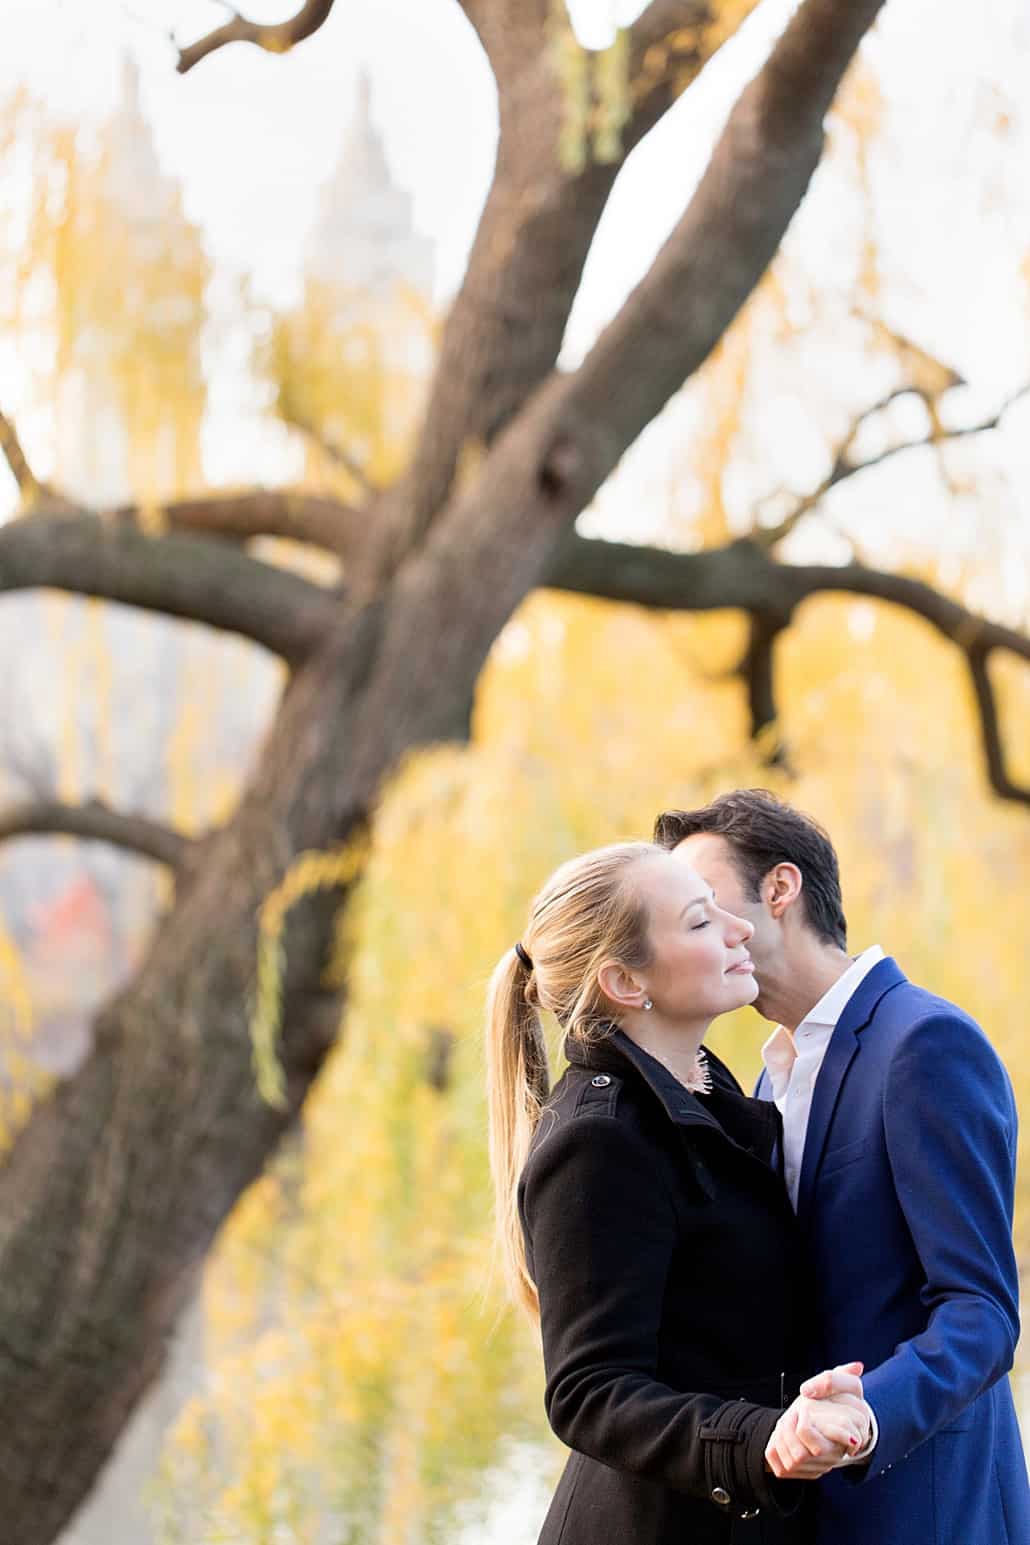 NYC winter engagement photo: kiss with yellow willow tree in the background
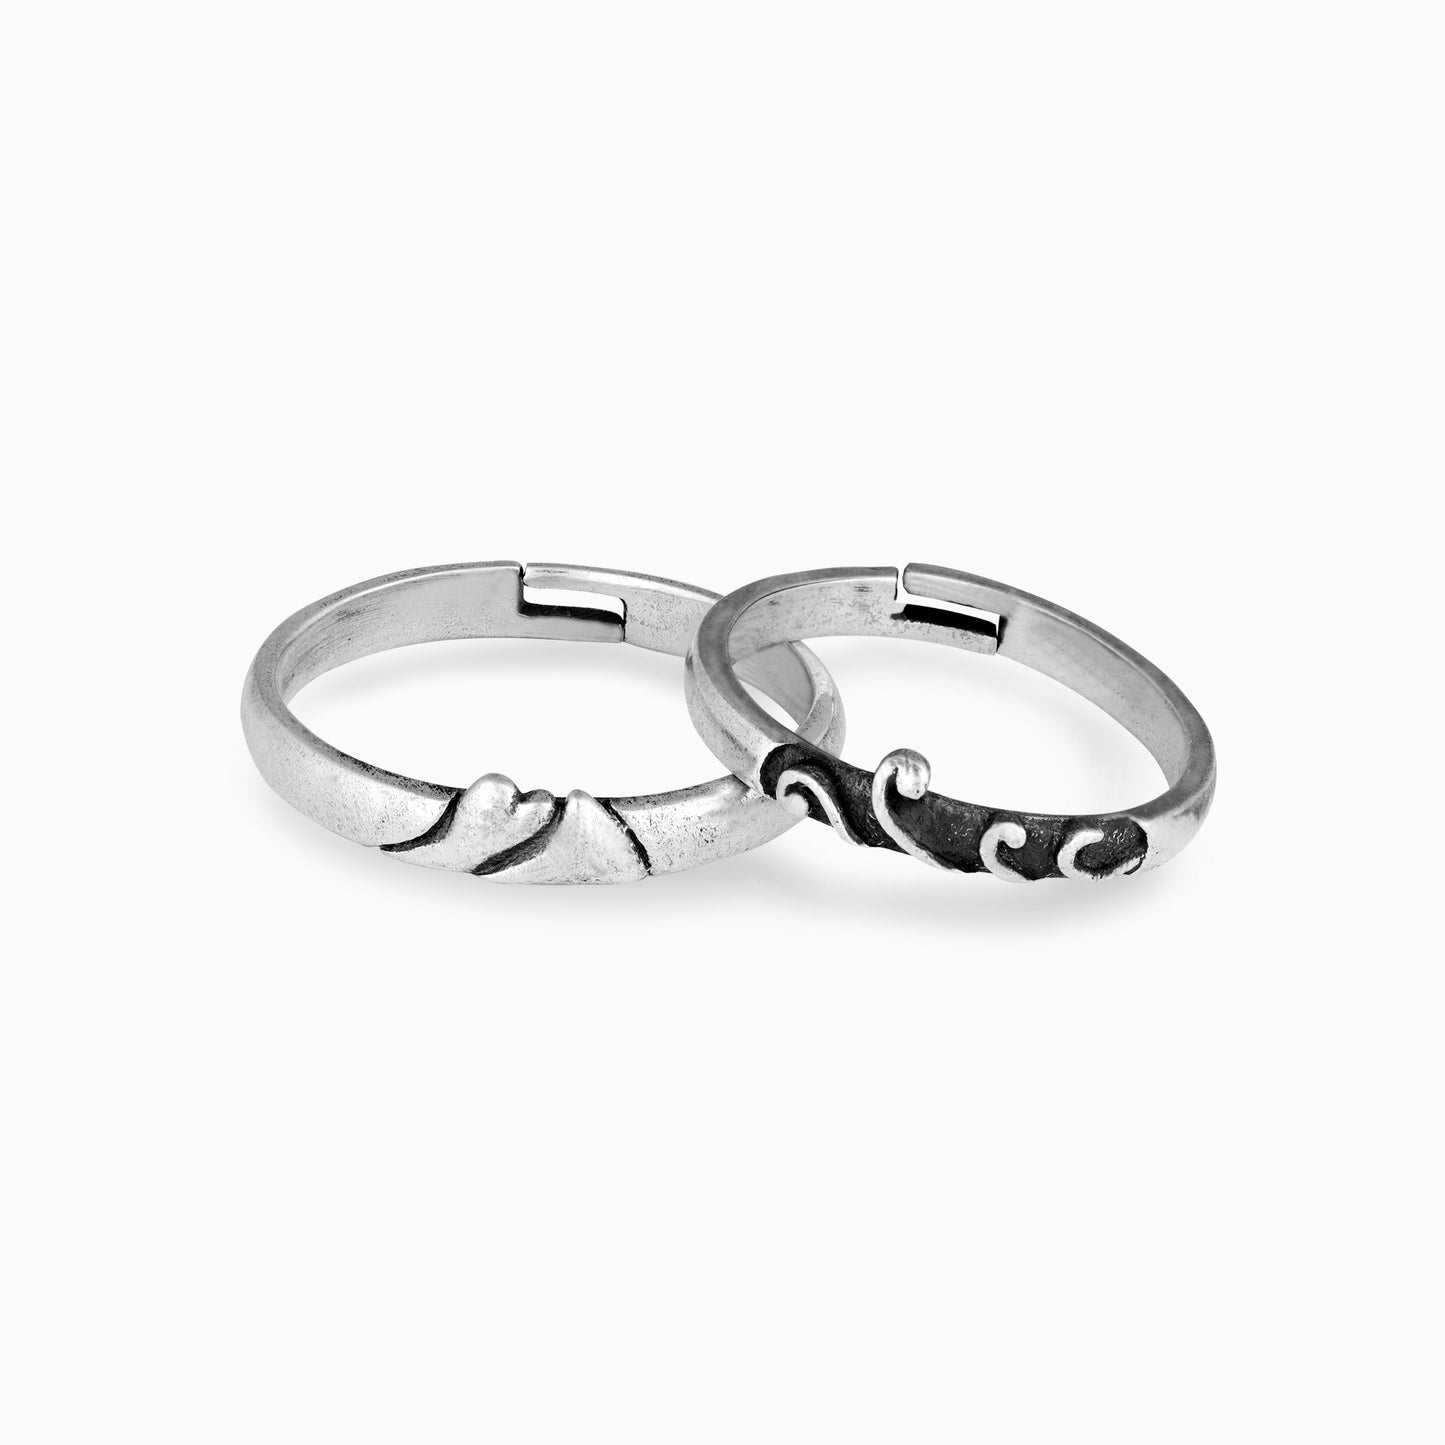 Oxidised Silver Motif Couple Bands
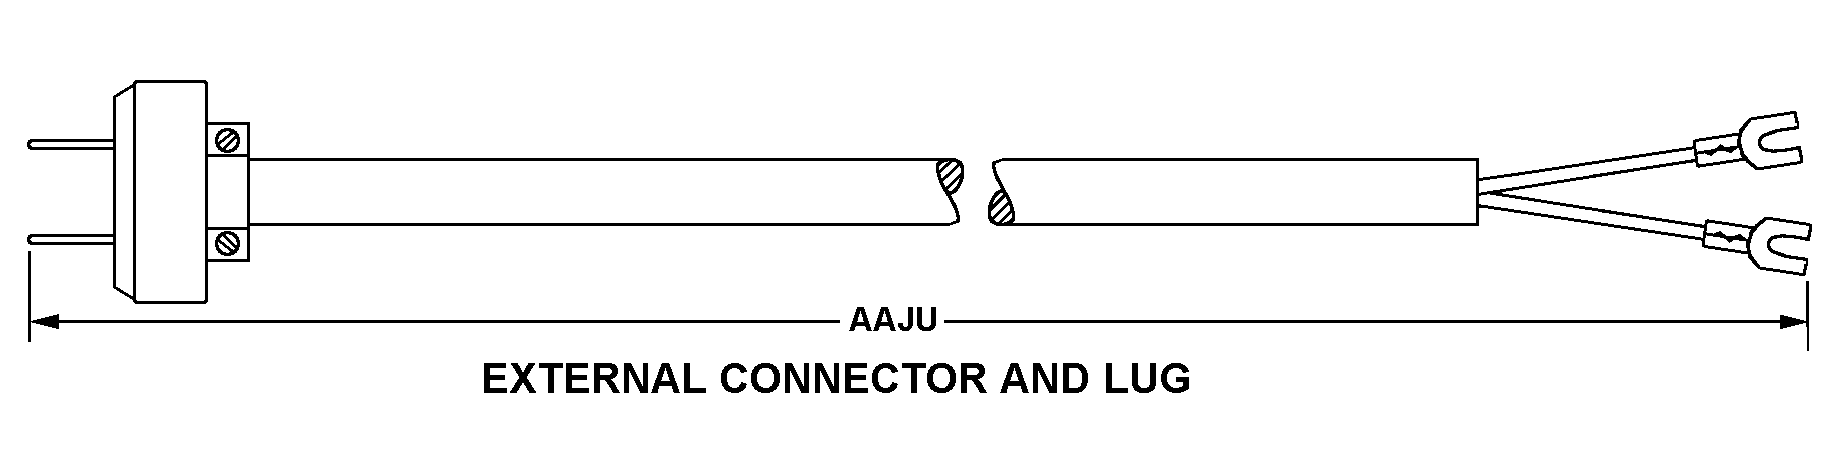 EXTERNAL CONNECTOR AND LUG style nsn 6150-01-412-7789
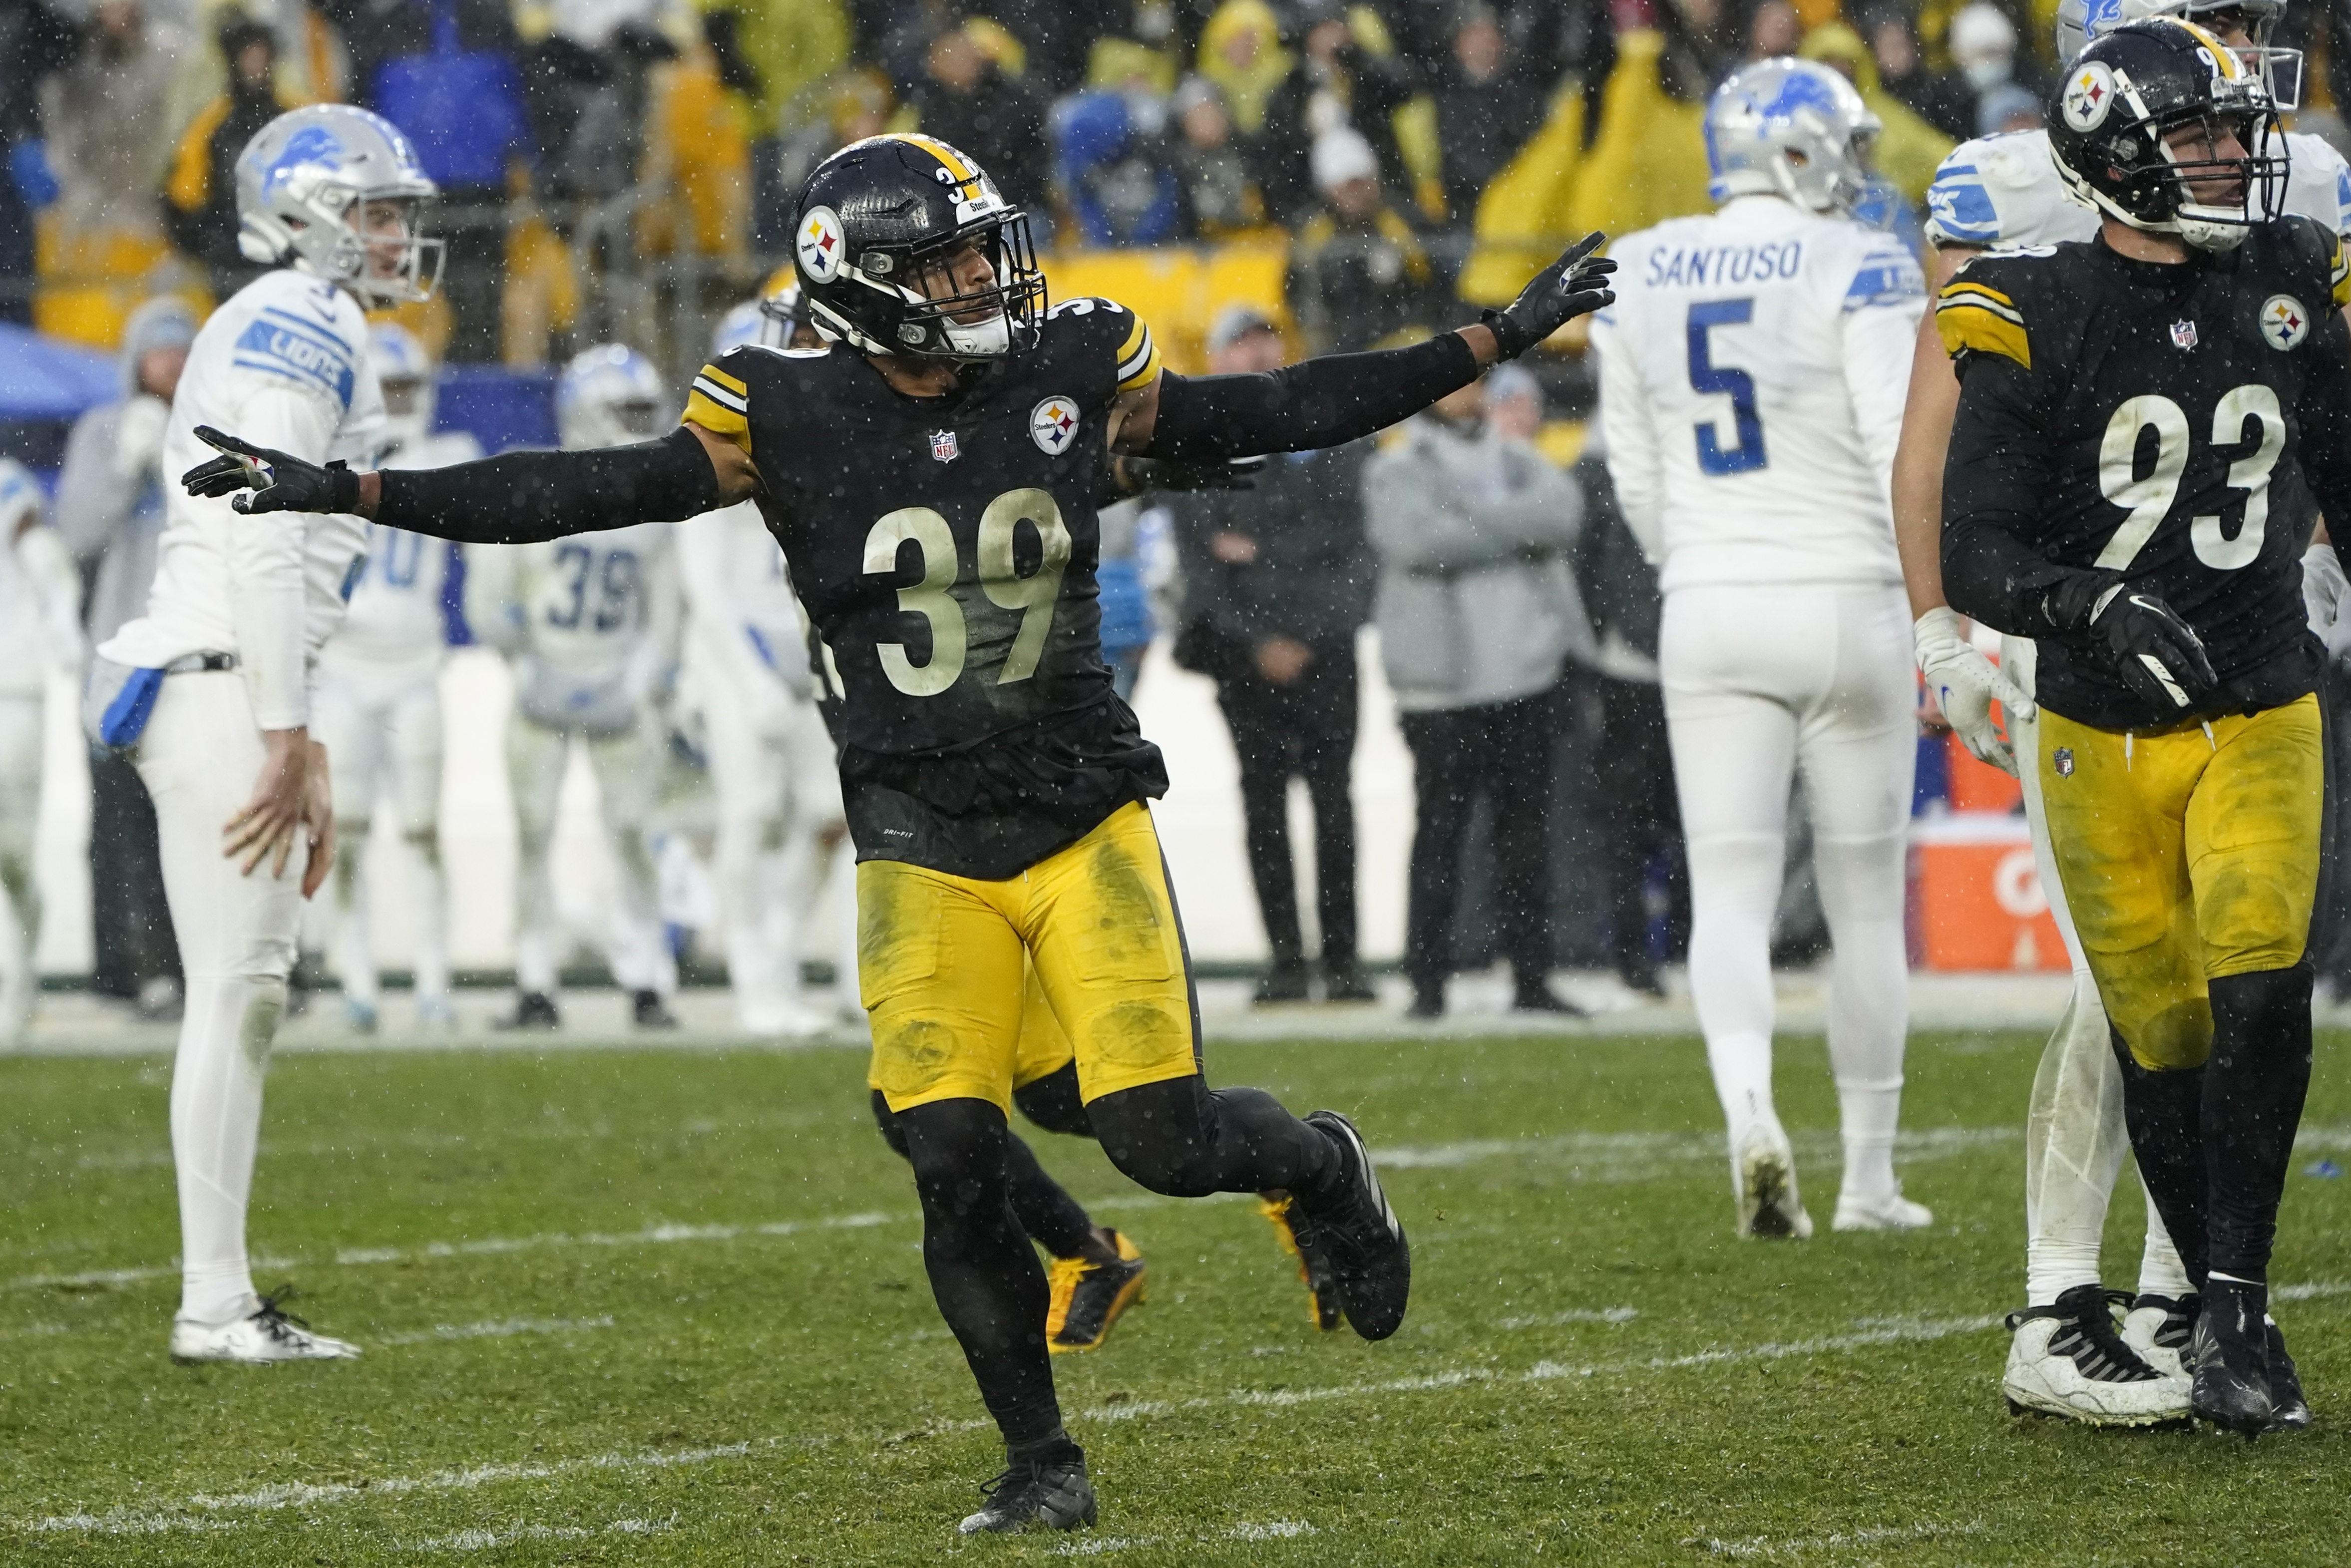 Steelers 37, Lions 27: Roethlisberger ends tough week with win

-----

▸ EXERCISE OBJECTIVE:
Produce a word-for-word version of the material, with no pictures included.

▸ RESPONSE:
 NYC winter engagement photo: kiss with yellow willow tree in the background
 Oxidised Silver Motif Couple Bands
 EXTERNAL CONNECTOR AND LUG style nsn 6150-01-412-7789
 Steelers 37, Lions 27: Roethlisberger ends tough week with win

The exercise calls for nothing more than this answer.